• **Information supplied**:
┏━━
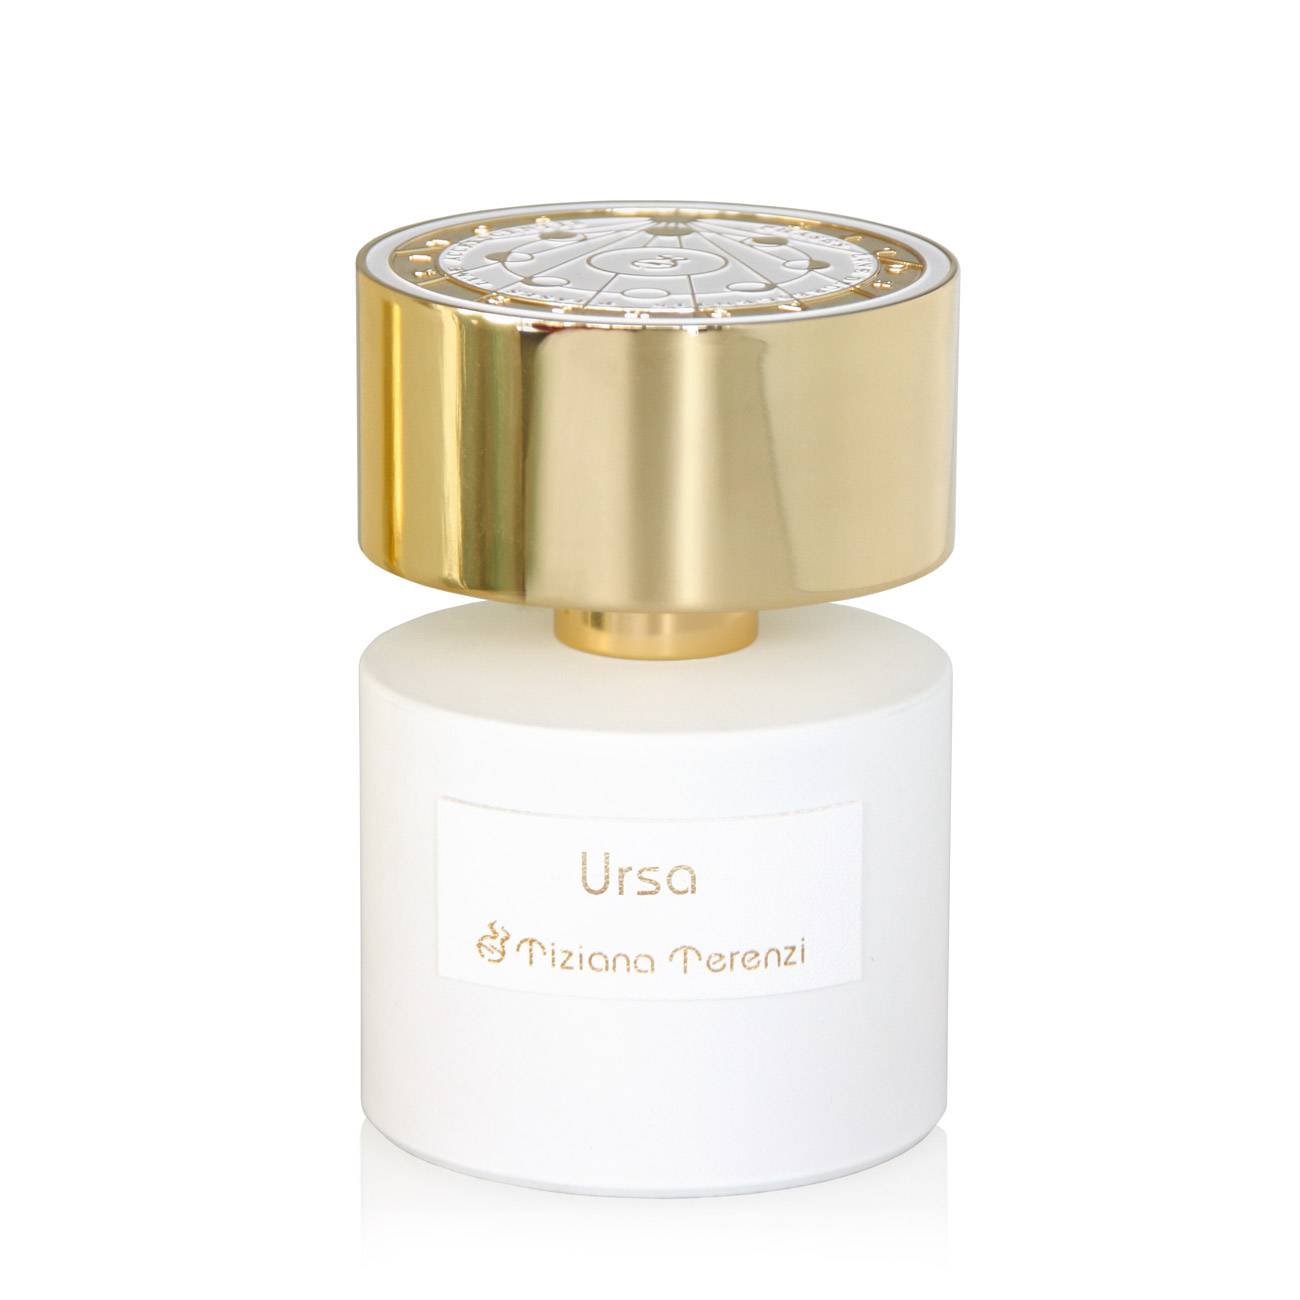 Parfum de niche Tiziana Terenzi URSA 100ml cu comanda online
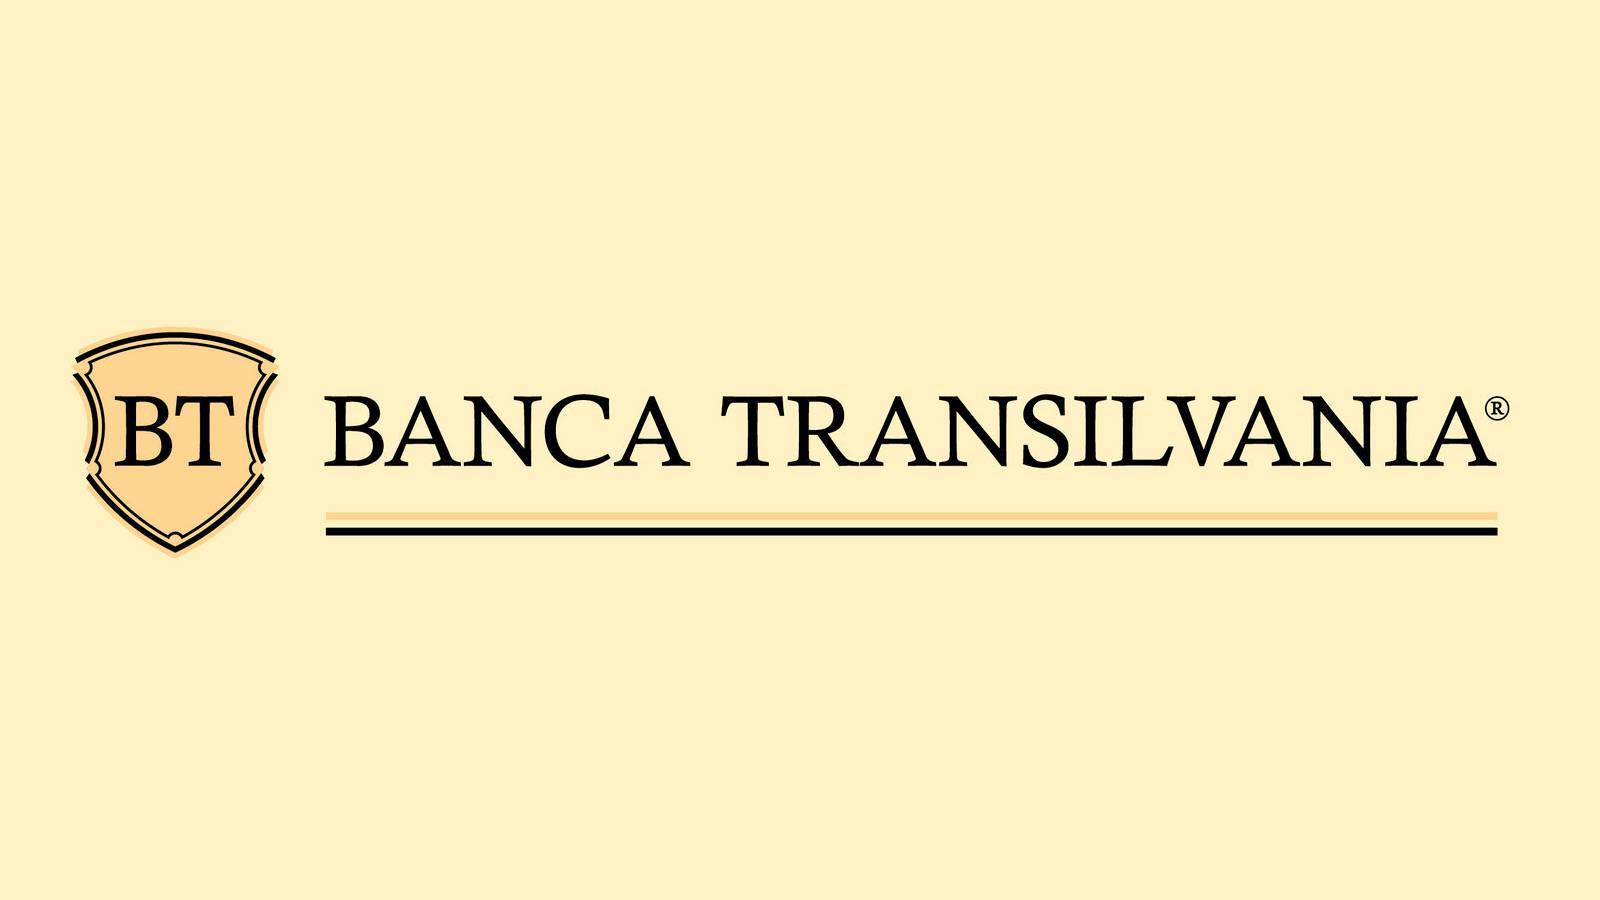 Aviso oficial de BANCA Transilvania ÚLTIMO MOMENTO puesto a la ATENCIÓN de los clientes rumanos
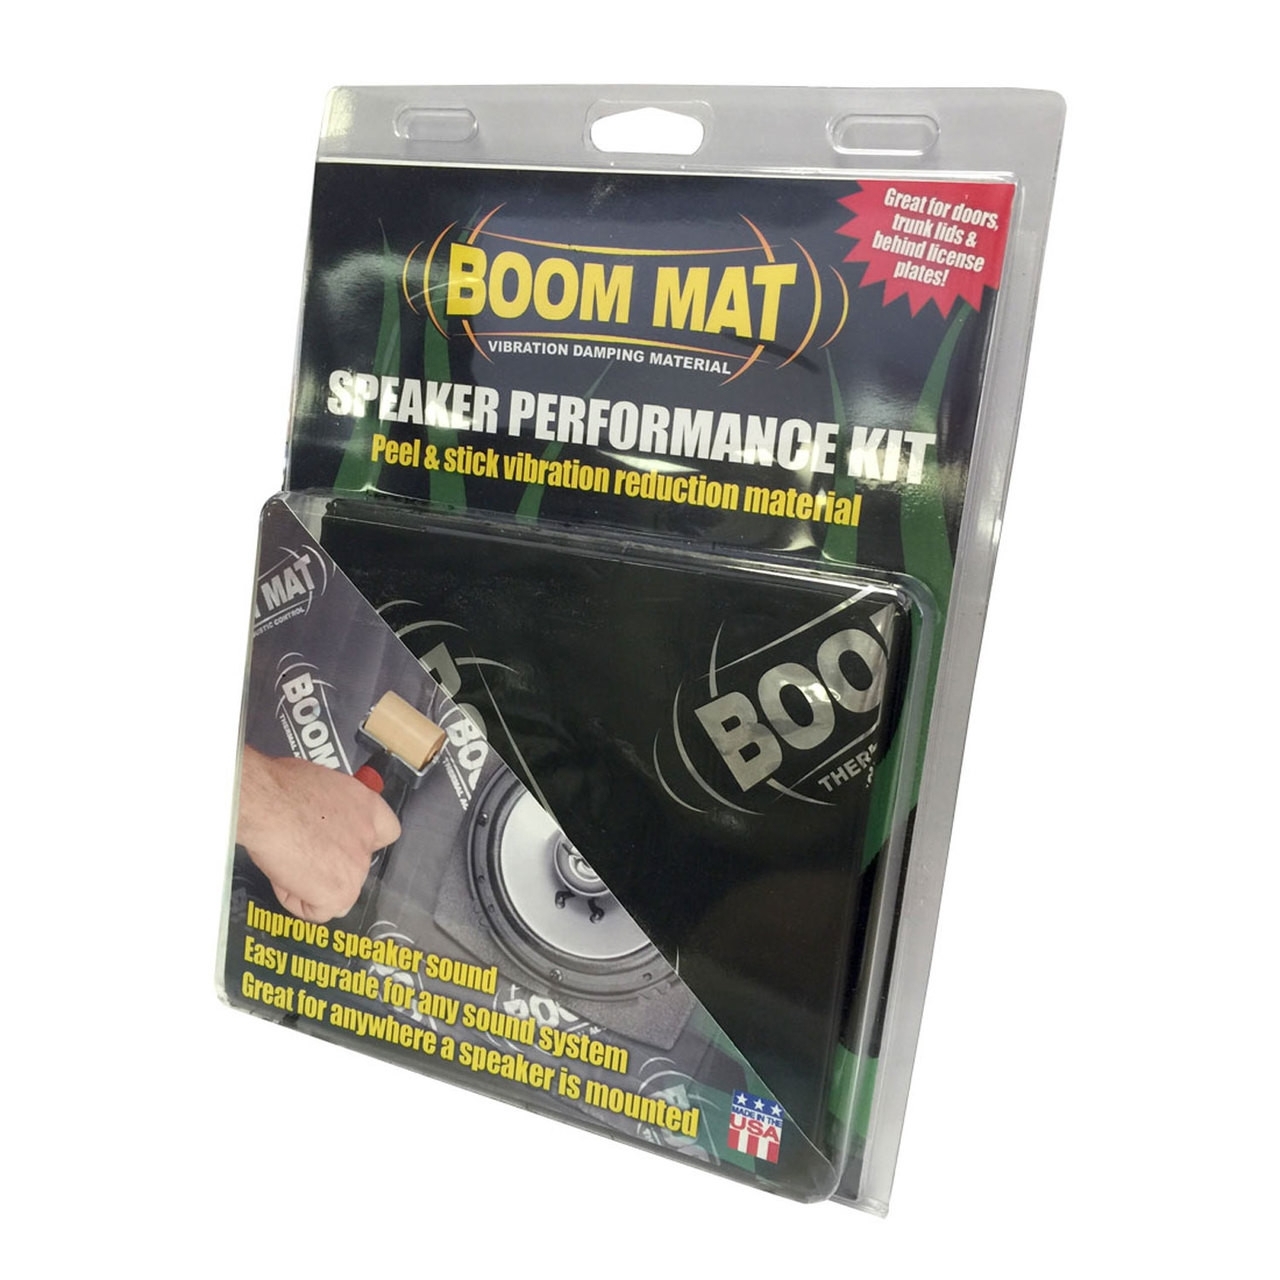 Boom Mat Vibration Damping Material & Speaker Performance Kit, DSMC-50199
┗━━
• **Task to carry out**:
Reproduce the listing exactly. Do not include its images.

• **Task solution**:
 Parfum de niche Tiziana Terenzi URSA 100ml cu comanda online
 Aviso oficial de BANCA Transilvania ÚLTIMO MOMENTO puesto a la ATENCIÓN de los clientes rumanos
 Boom Mat Vibration Damping Material & Speaker Performance Kit, DSMC-50199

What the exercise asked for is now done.